Susan Leeson thought her clear mammogram meant she could briefly relax about her risk of breast cancer until her next routine screening in three years' time.
'I thought great, one less thing to worry about for a bit,' she says.
Susan, 56, who is married to a corporate lawyer and has a teenage daughter, now desperately wishes she hadn't put so much faith in the result. For seven months later, and only after going to A&E with agonising back pain, Susan discovered she had a fractured spine.
And the cause? Cancer that had spread from a strawberry-sized tumour growing in her right breast, to her ribs, hip and three different parts of her spine. In total, it was in eight different spots around her body and it was incurable.
'In the split second that I found that out, my whole world changed for good,' says Susan, a former career coach who lives in Balham, South-West London. 'I was in deep shock and I just kept saying over and over 'but I recently had a clear mammogram'.
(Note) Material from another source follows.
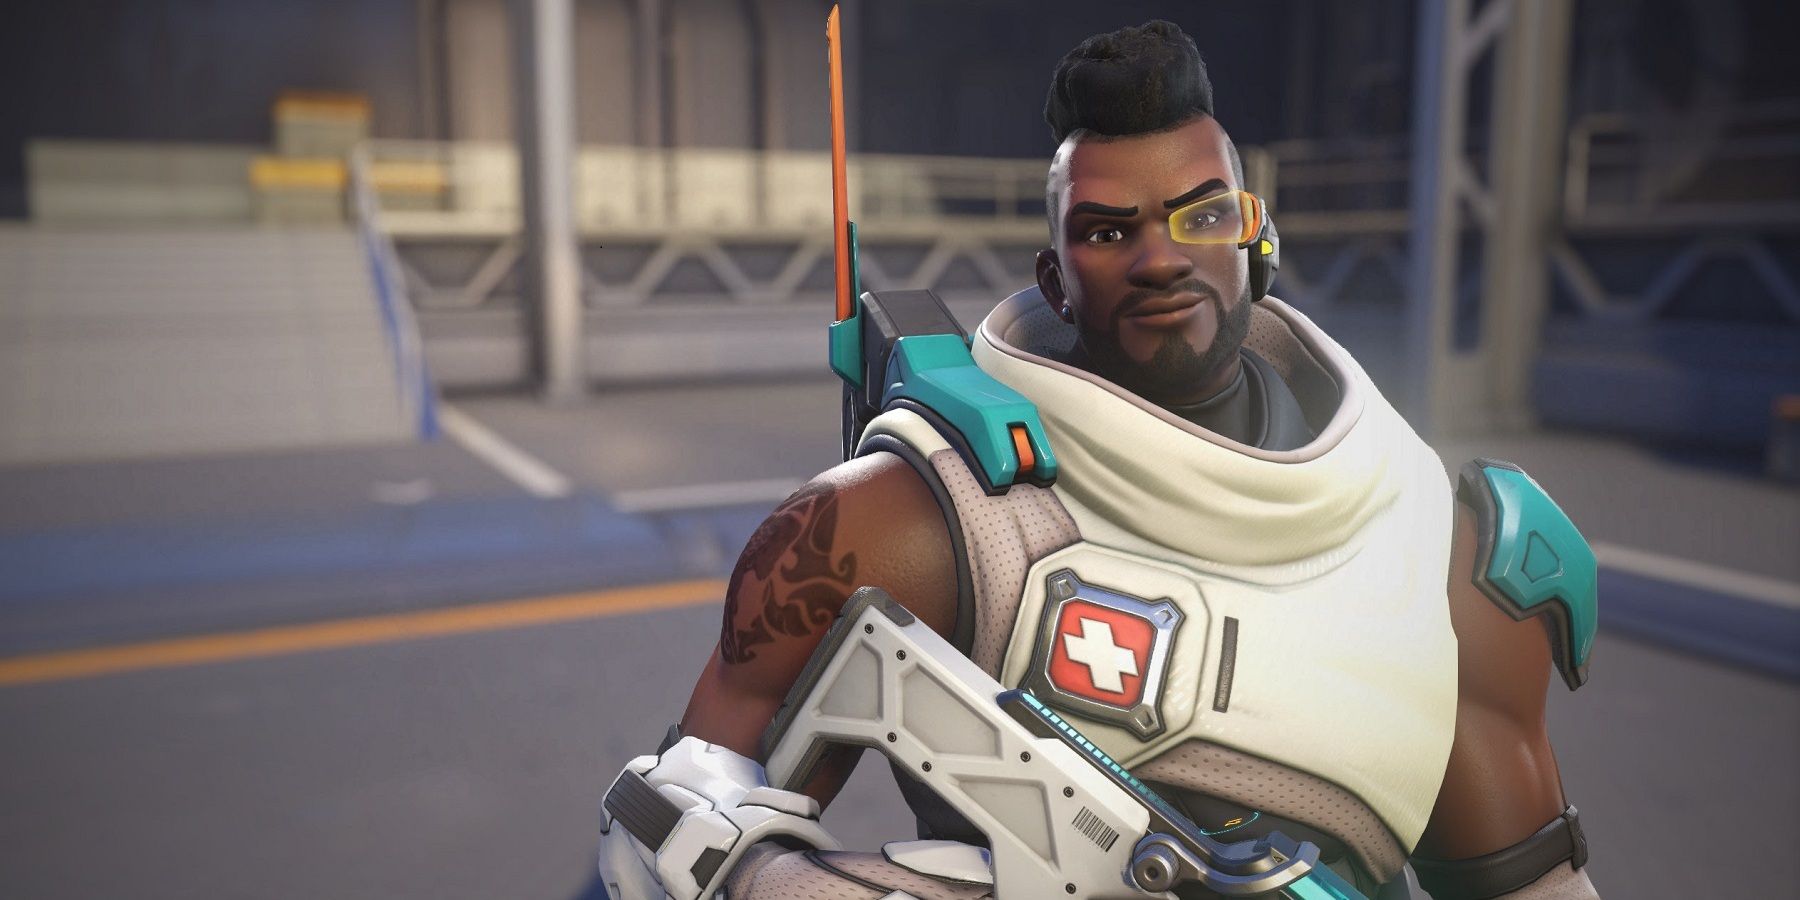 Why Overwatch's Two Gay Characters Are So Important

I was very emotional, but I had to try to pull myself together enough to go home and break the news to my daughter, who was only 15 at the time.'
Had her cancer been spotted on the mammogram, she says: 'The chances are that I would have had a little operation and be getting on with life.'
Instead, Susan has been told she has possibly only two years left – and she is now channelling the anger and frustration she feels at her situation into helping others. 'I want other women to know that there's a whole bunch of cancers that get missed by mammograms,' she says.